Вернее сказать – и это было самое жуткое – оно исчезало даже до того, как я успевал на нем сосредоточиться. Мне оставалось только эхо.
Я ронял на пол вилку – и понимал, что вспоминаю уже отзвучавший и кончившийся звук. Хоть отпечаток его сохранялся в моем сознании и был чрезвычайно подробным, это уже не было звуком. Это было записью, которую я крутил сам себе. И такую же природу имели все звуки мира.
Мои глаза пересекали поверхность окна – и только потом, в записи, проявлялась висящая над морем луна. Тело посылало мне множество еле заметных уведомлений, мысли мелькали бледными тенями, но когда мое внимание обращалось к любому из этих быстро сменяющихся сигналов, его уже не было…
Была только запись. Но даже запись эту нельзя было изучить – она тоже исчезала почти сразу, и я имел дело с эхом эха, и так далее… Это было страшно.
Я казался себе Маленьким Принцем, переехавшим на темную сторону своего астероида – если раньше я уверенно взбирался вверх по ведущей к баобабу солнечной дорожке и каждый новый шаг доказывал реальность моего зеленого мирка, то теперь я свисал с обрыва над бездной и все, за что я пытался уцепиться, тут же рассыпалось под моими пальцами.

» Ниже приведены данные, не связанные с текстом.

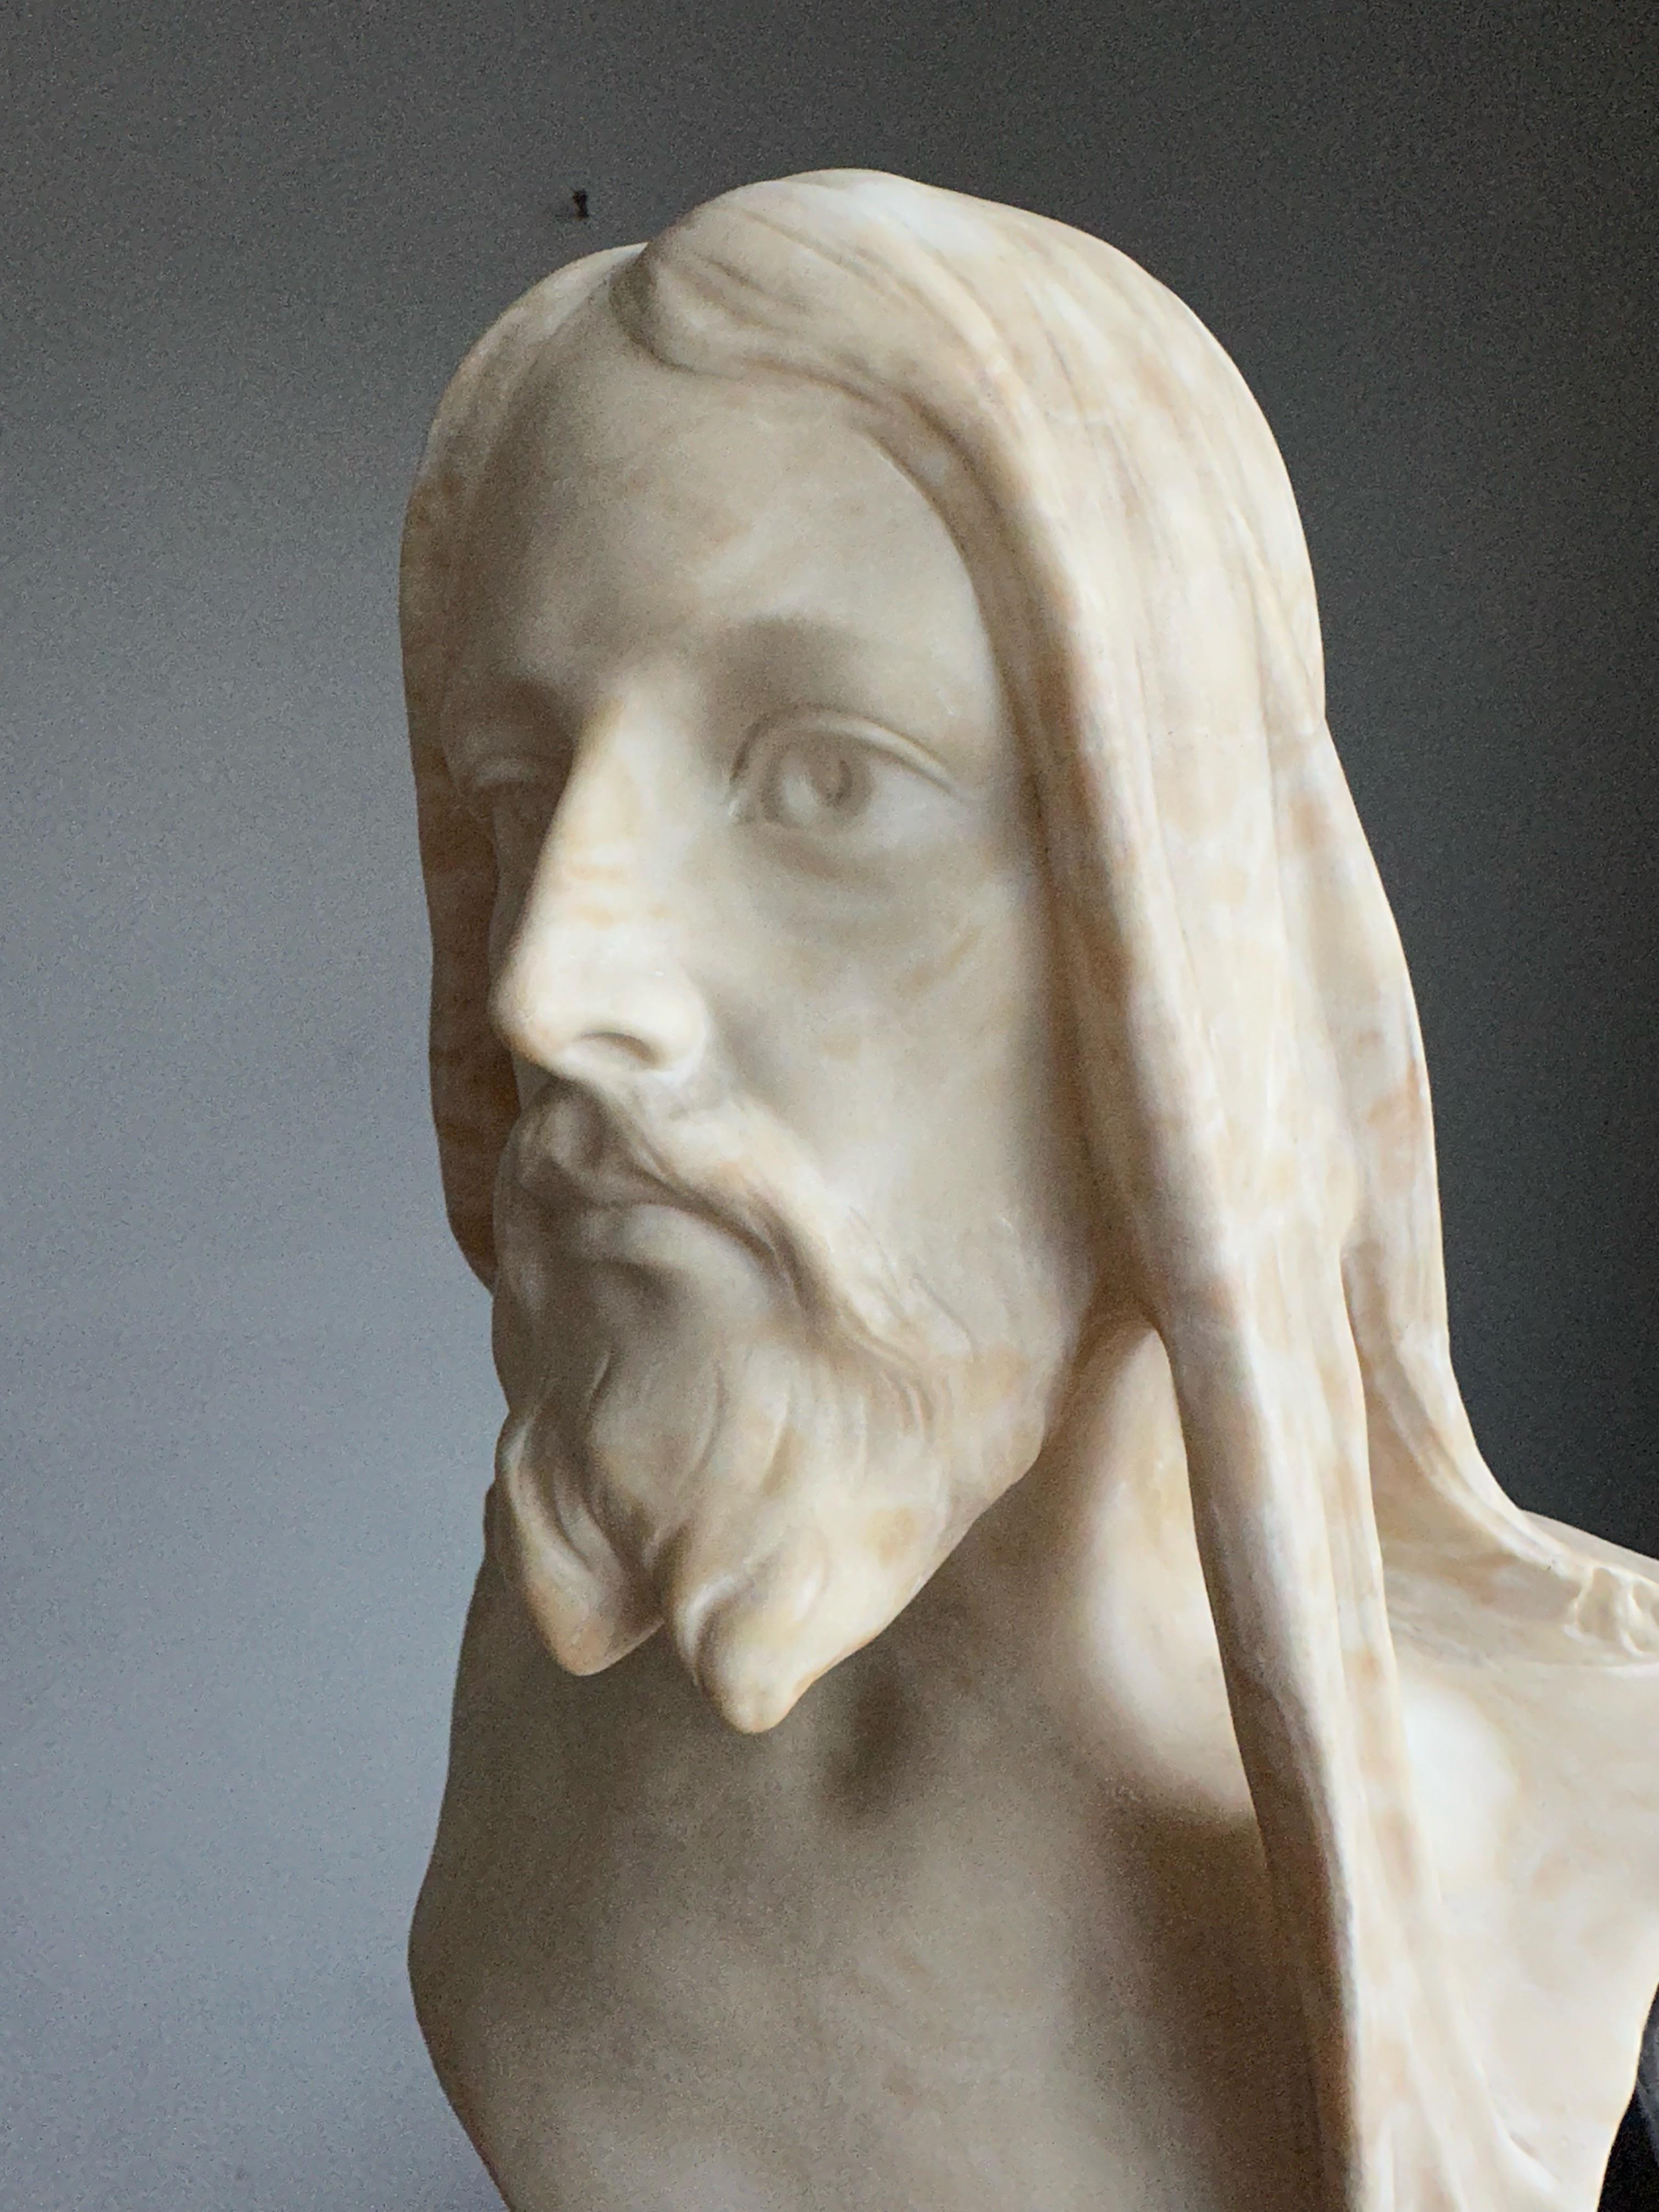 Antique, Early 1900 Large Hand Carved Alabaster Sculpture / Bust of Jesus Christ For Sale 7

Не падал я только потому, что секунда за секундой рассыпался и сам. Сорваться вниз было нечему. Этот рассыпающийся «я», точно так же, как и все остальное, существовал лишь в виде эха, воспоминания о том, что уже исчезло.

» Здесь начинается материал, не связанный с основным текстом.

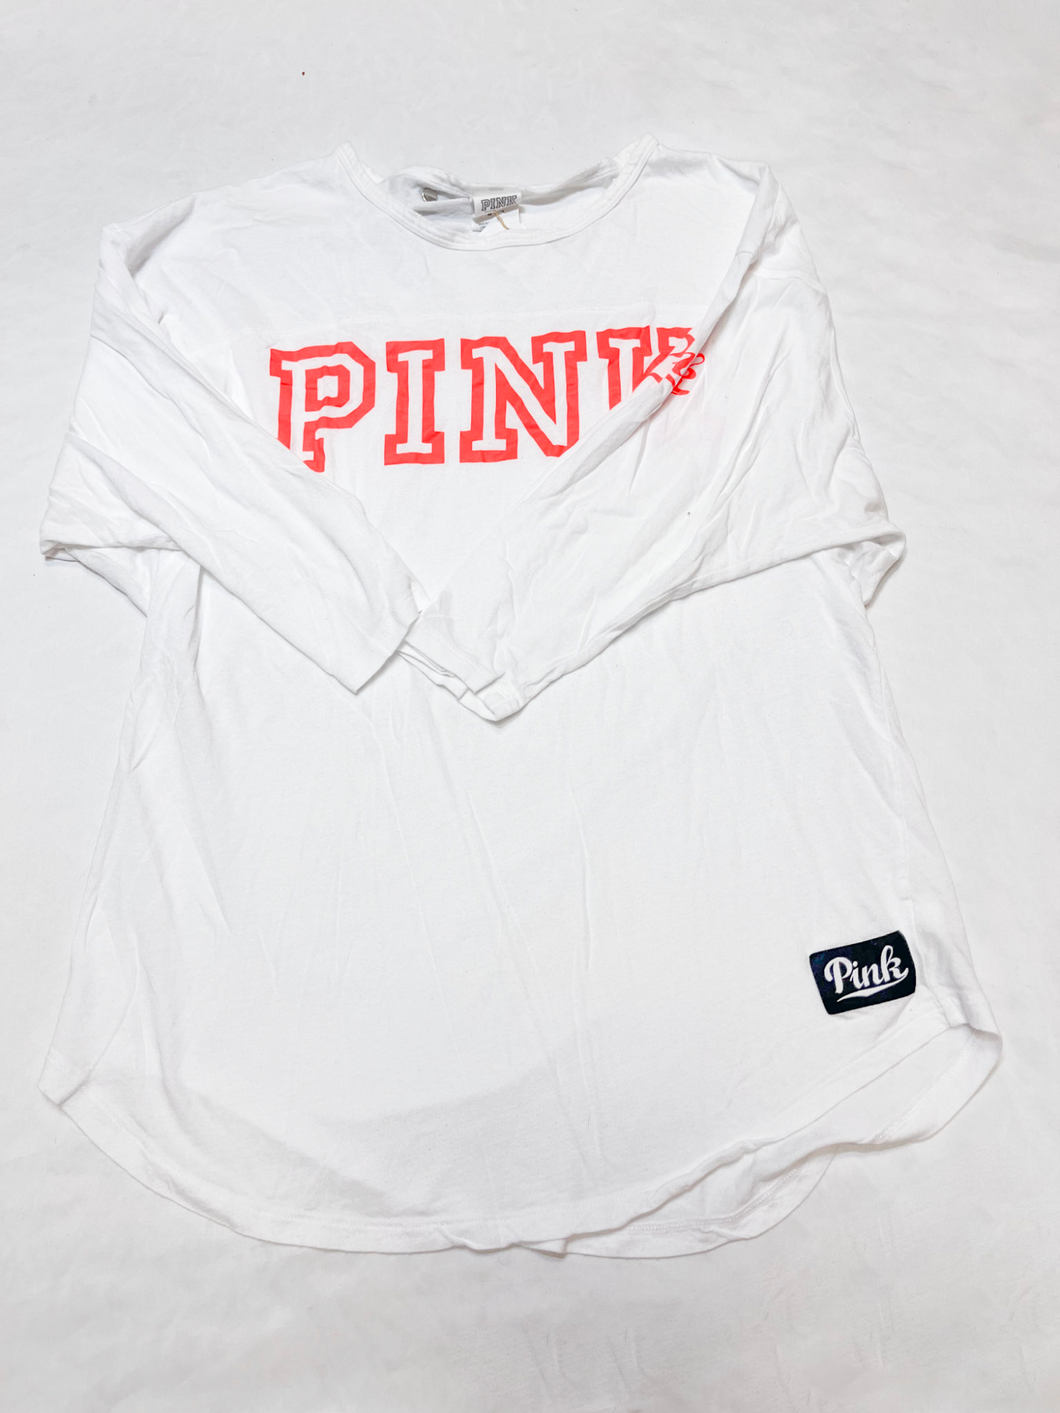 Pink By Victoria's Secret Long Sleeve T-Shirt Size Medium *

Есть такая космологическая страшилка про свет погасших звезд, сияющий на нашем небосклоне. Меня с детства пугал и завораживал этот образ… А теперь вдруг выяснилось, что таким загробным светом было абсолютно все – включая и меня самого, думающего про этот свет.
Это жуткое переживание то и дело наваливалось на меня и за несколько мгновений уничтожало всякую целесообразность и смысл. Не было ничего, вообще ничего во всем мире, внешнем и внутреннем, что длилось бы хотя бы секунду. Все сразу рассыпалось.
Мир не изменился. Я просто никогда не видел его раньше под этим углом. Вернее, видел – после четвертой джаны, когда пытался обнаружить непостоянство.
Ну вот и обнаружил. Теперь эти переживания посещали меня не по моей воле – и совершенно не радовали. Меня то и дело настигали мучительнейшие инсайты, неуловимо быстрые понимания сути вещей, уже испытанные мною в джанах. Но теперь они были страшны.
Один из этих инсайтов, собственно, и разъяснил мне, что со мной произошло. Все было просто.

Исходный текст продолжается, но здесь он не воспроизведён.